WORK INSTRUCTIONS: Beginning with the line that contains "Beyond Capital Fund Beyond Capital Fund" and ending with the line that contains "09ee5e49d Bizz Store", reproduce the lines of the entries below exactly, omitting pictures.

SOURCE RECORDS:
________________
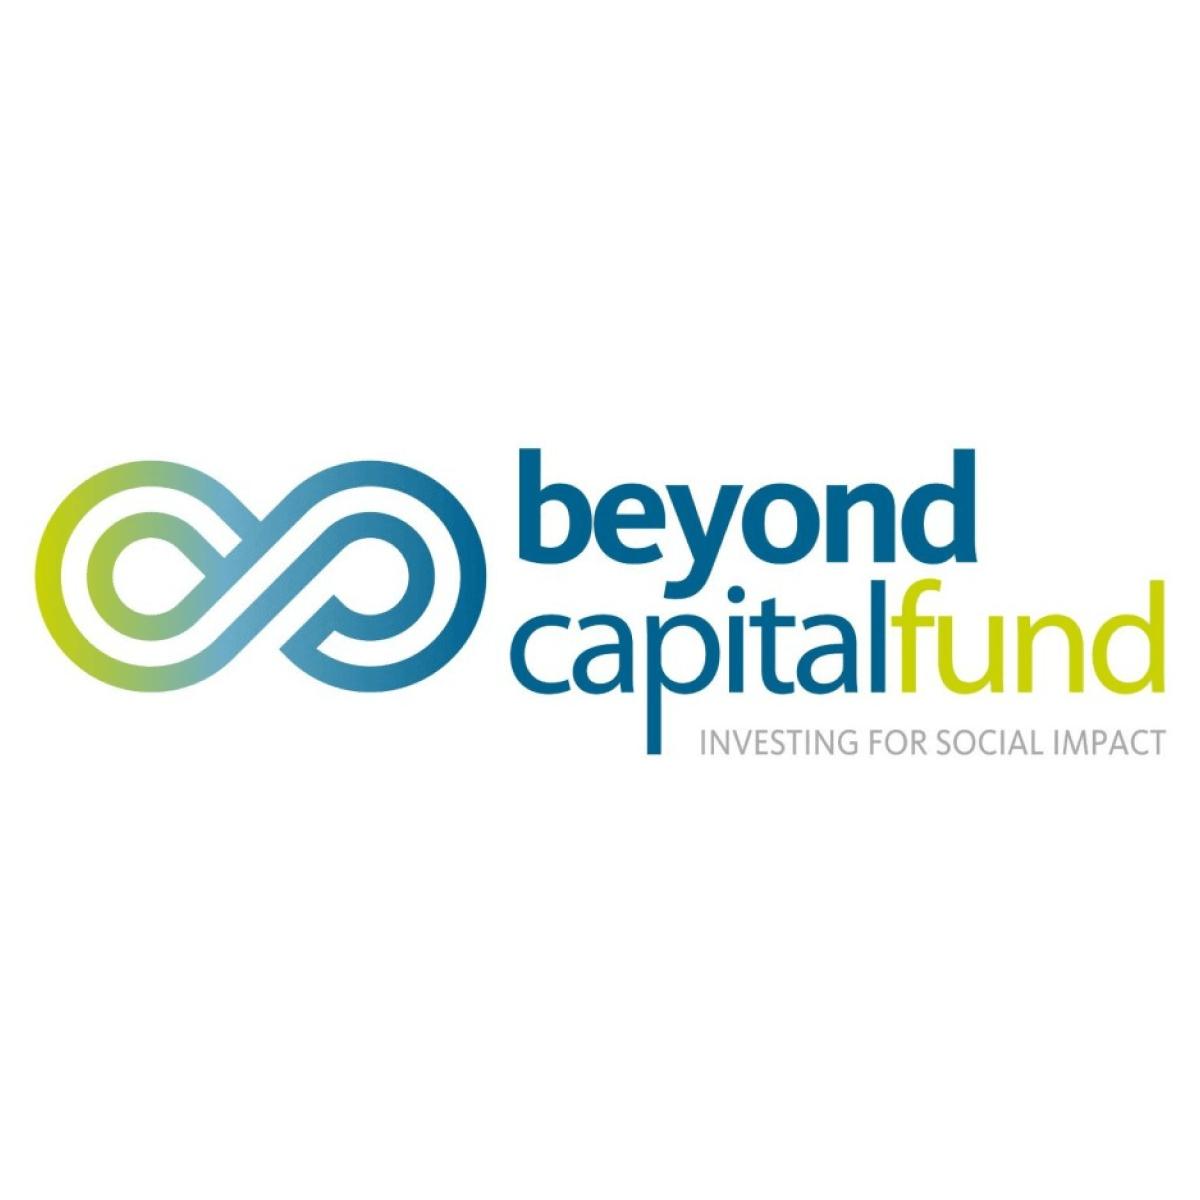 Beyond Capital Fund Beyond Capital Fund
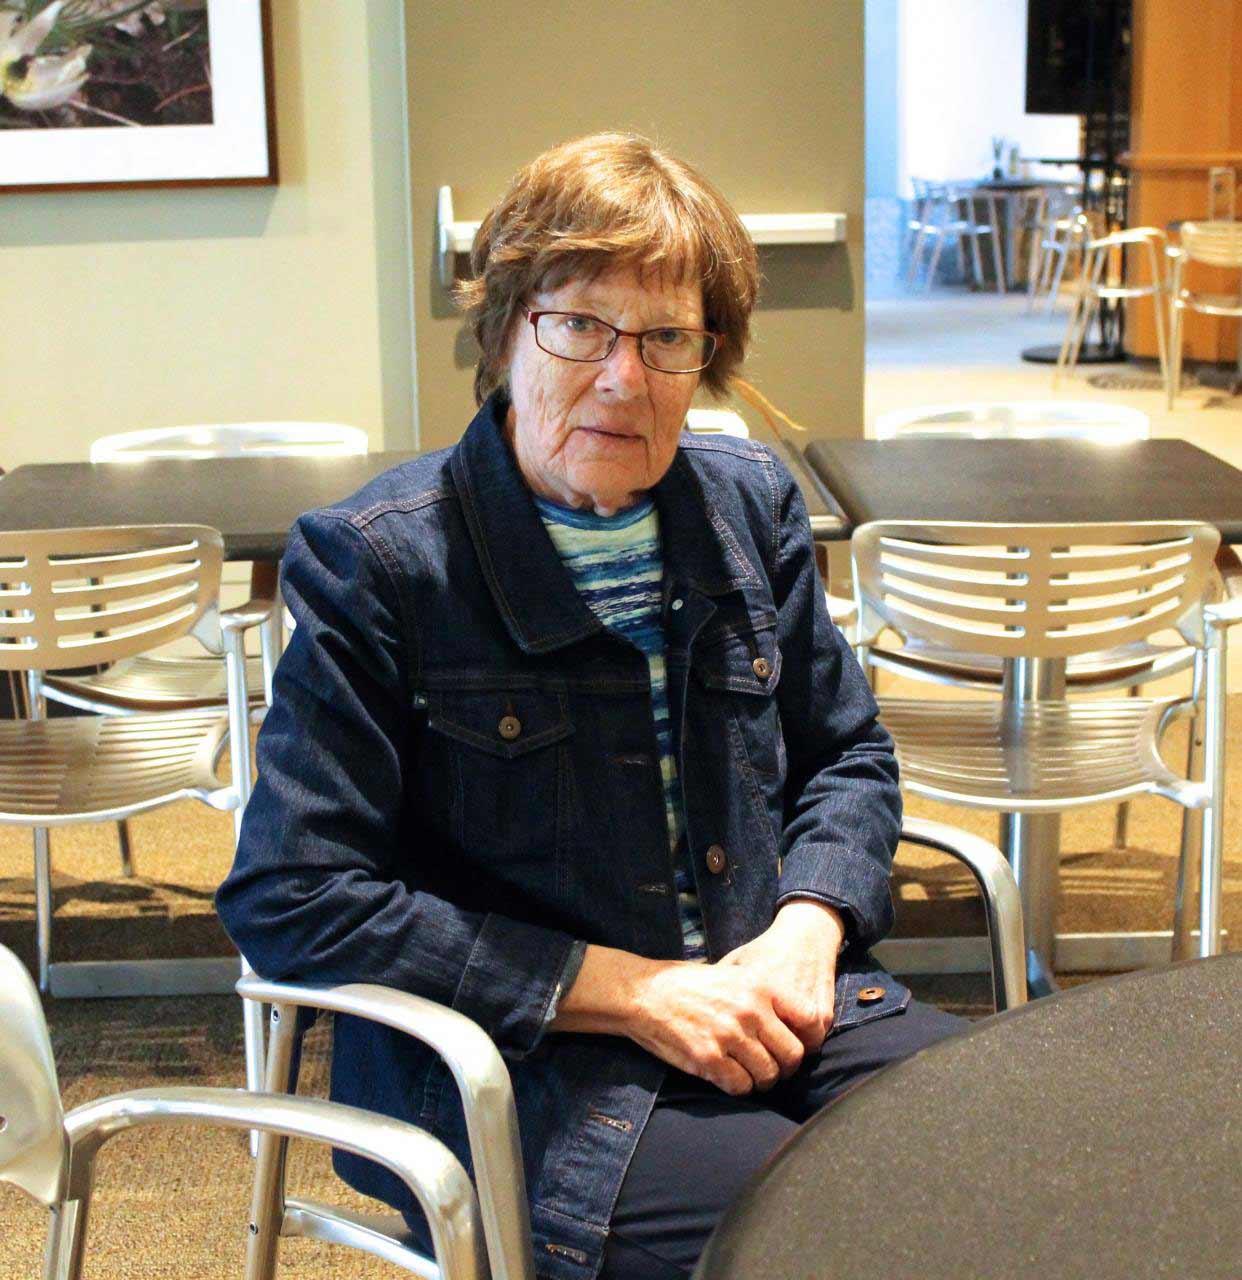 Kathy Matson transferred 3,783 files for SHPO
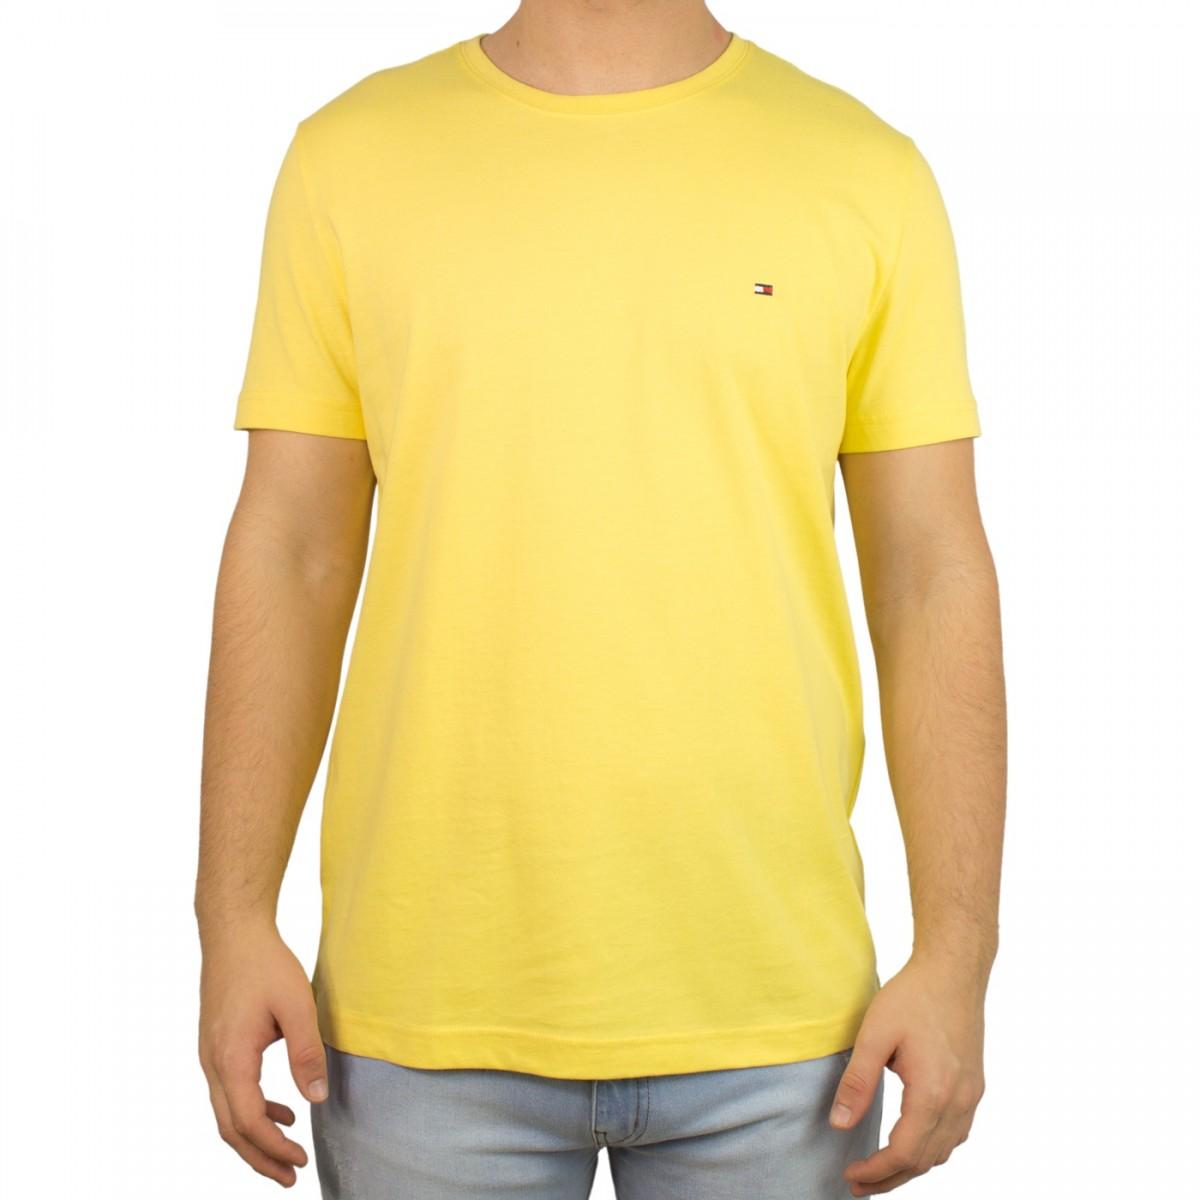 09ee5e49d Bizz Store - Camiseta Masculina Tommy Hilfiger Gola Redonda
________________
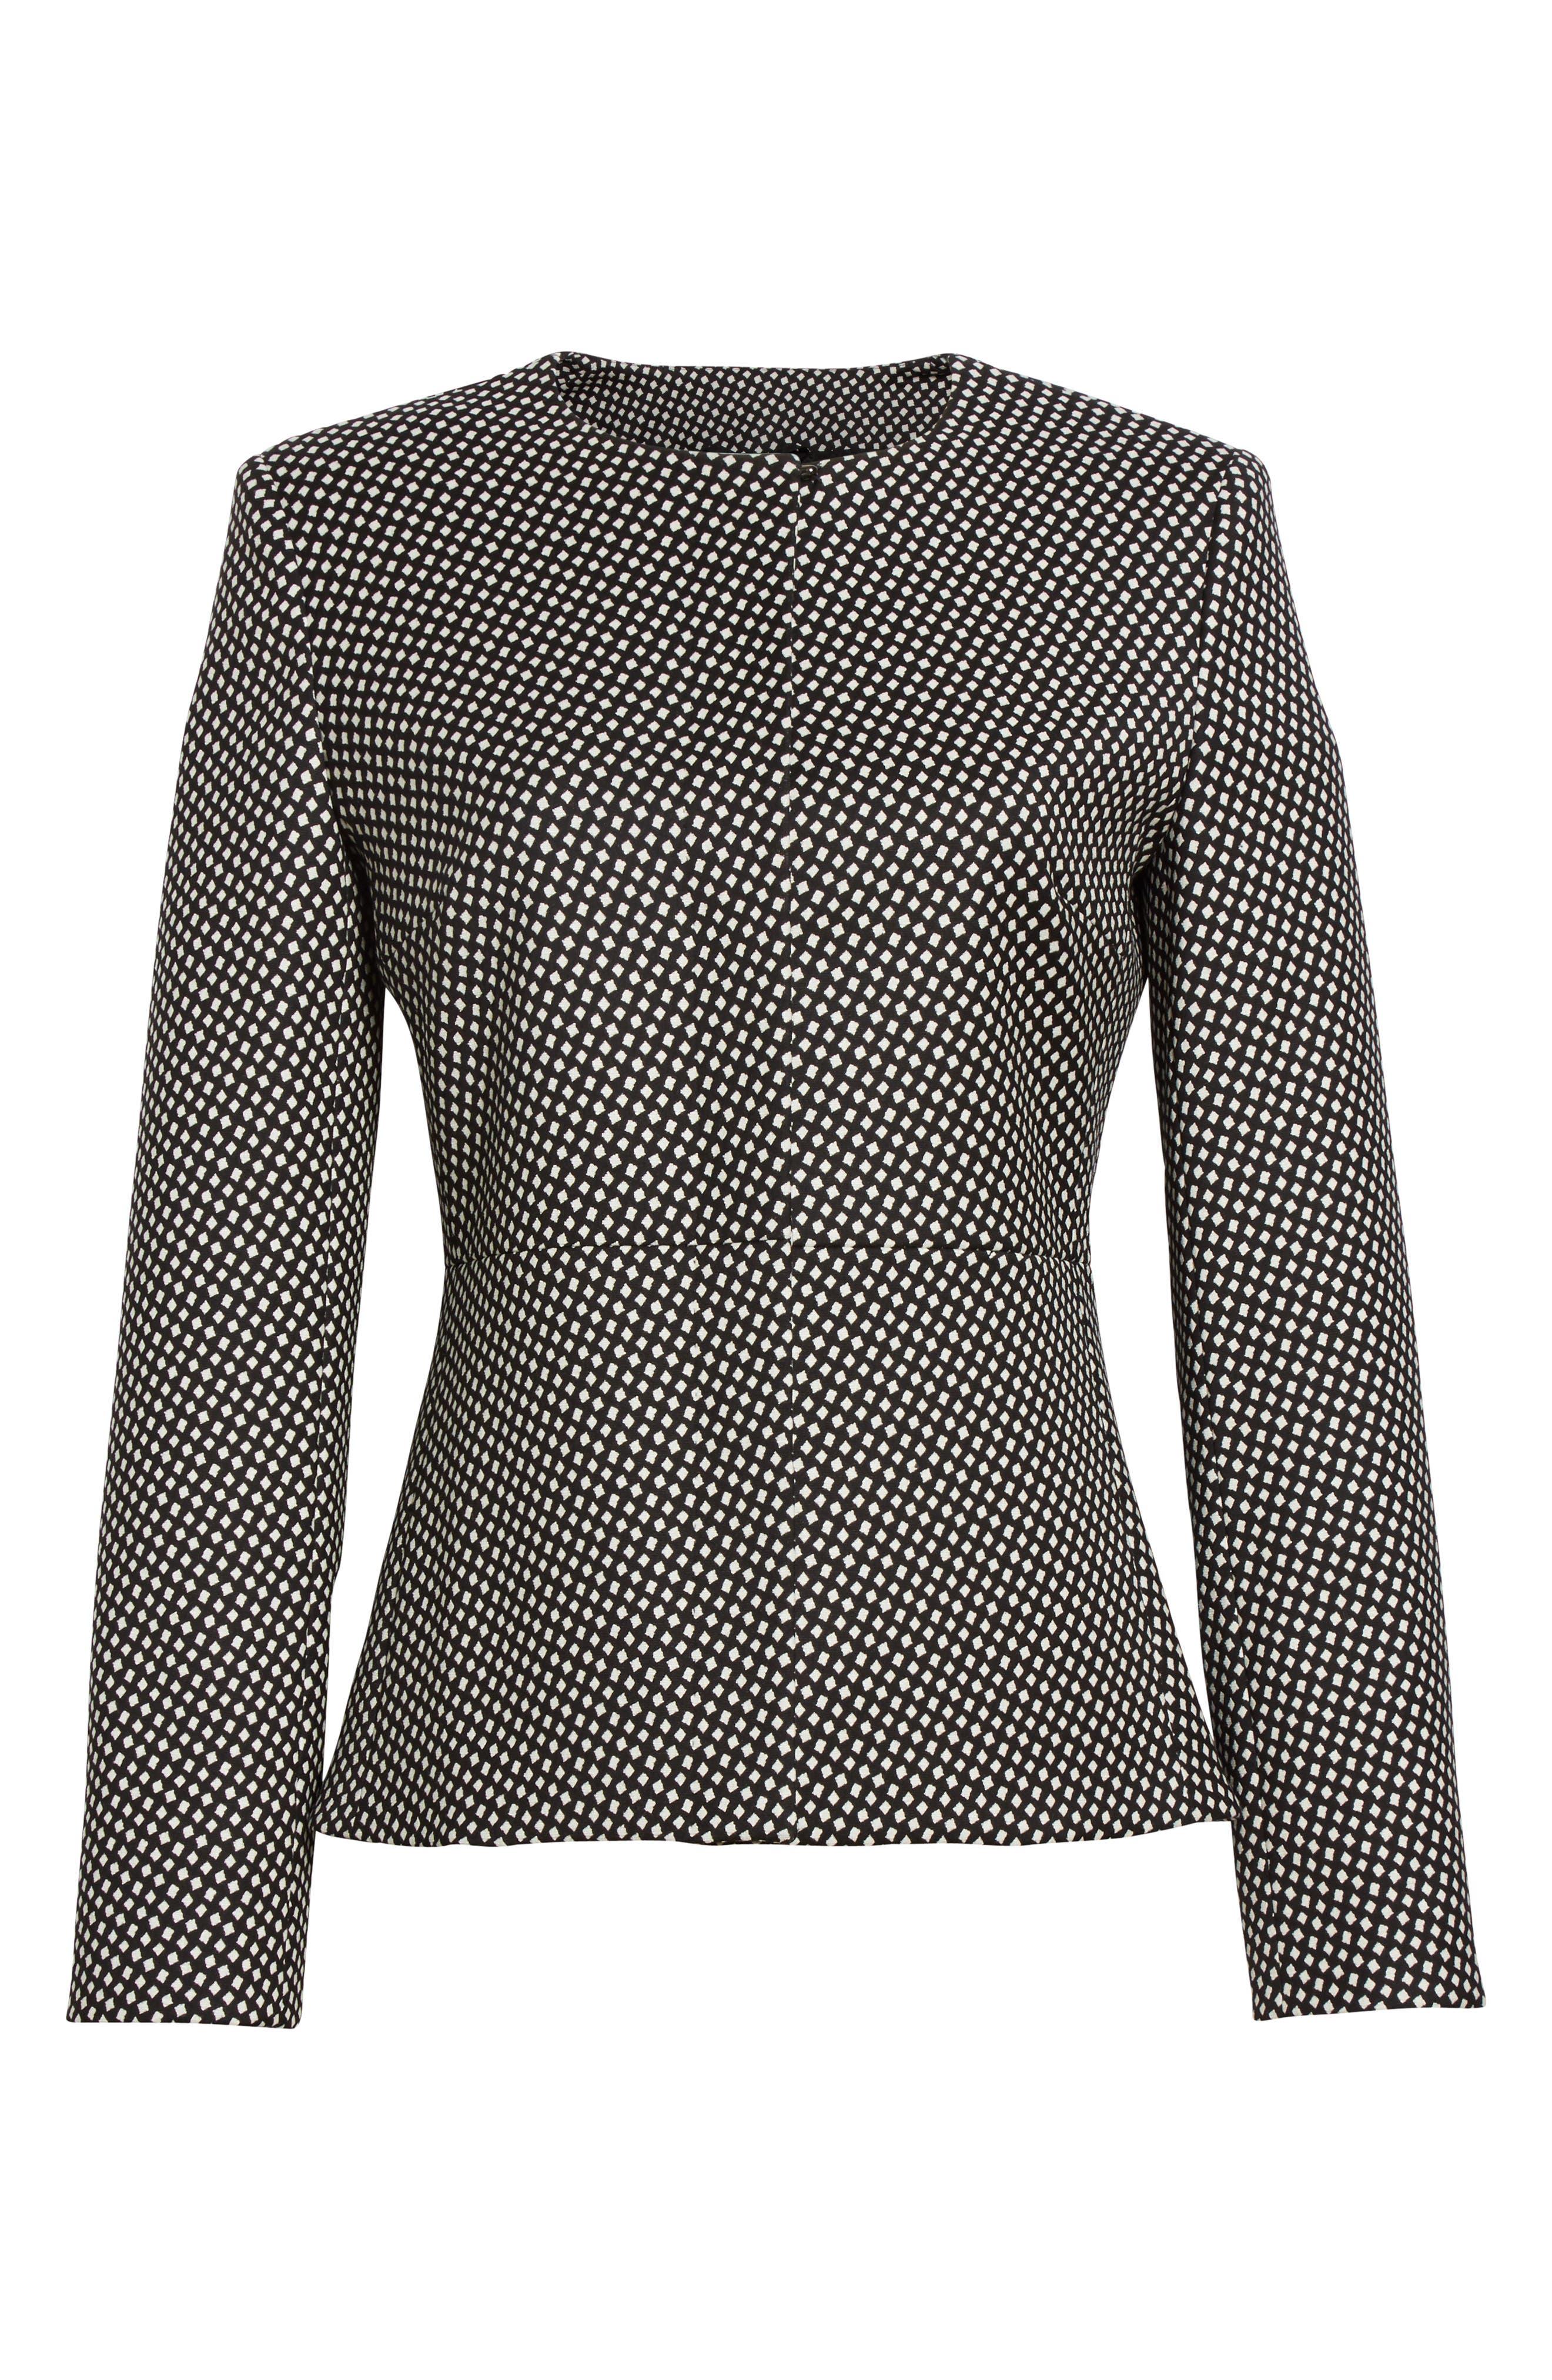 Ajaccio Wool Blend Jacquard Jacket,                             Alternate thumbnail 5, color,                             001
________________
EXERCISE OUTPUT:
 Beyond Capital Fund Beyond Capital Fund
 Kathy Matson transferred 3,783 files for SHPO
 09ee5e49d Bizz Store - Camiseta Masculina Tommy Hilfiger Gola Redonda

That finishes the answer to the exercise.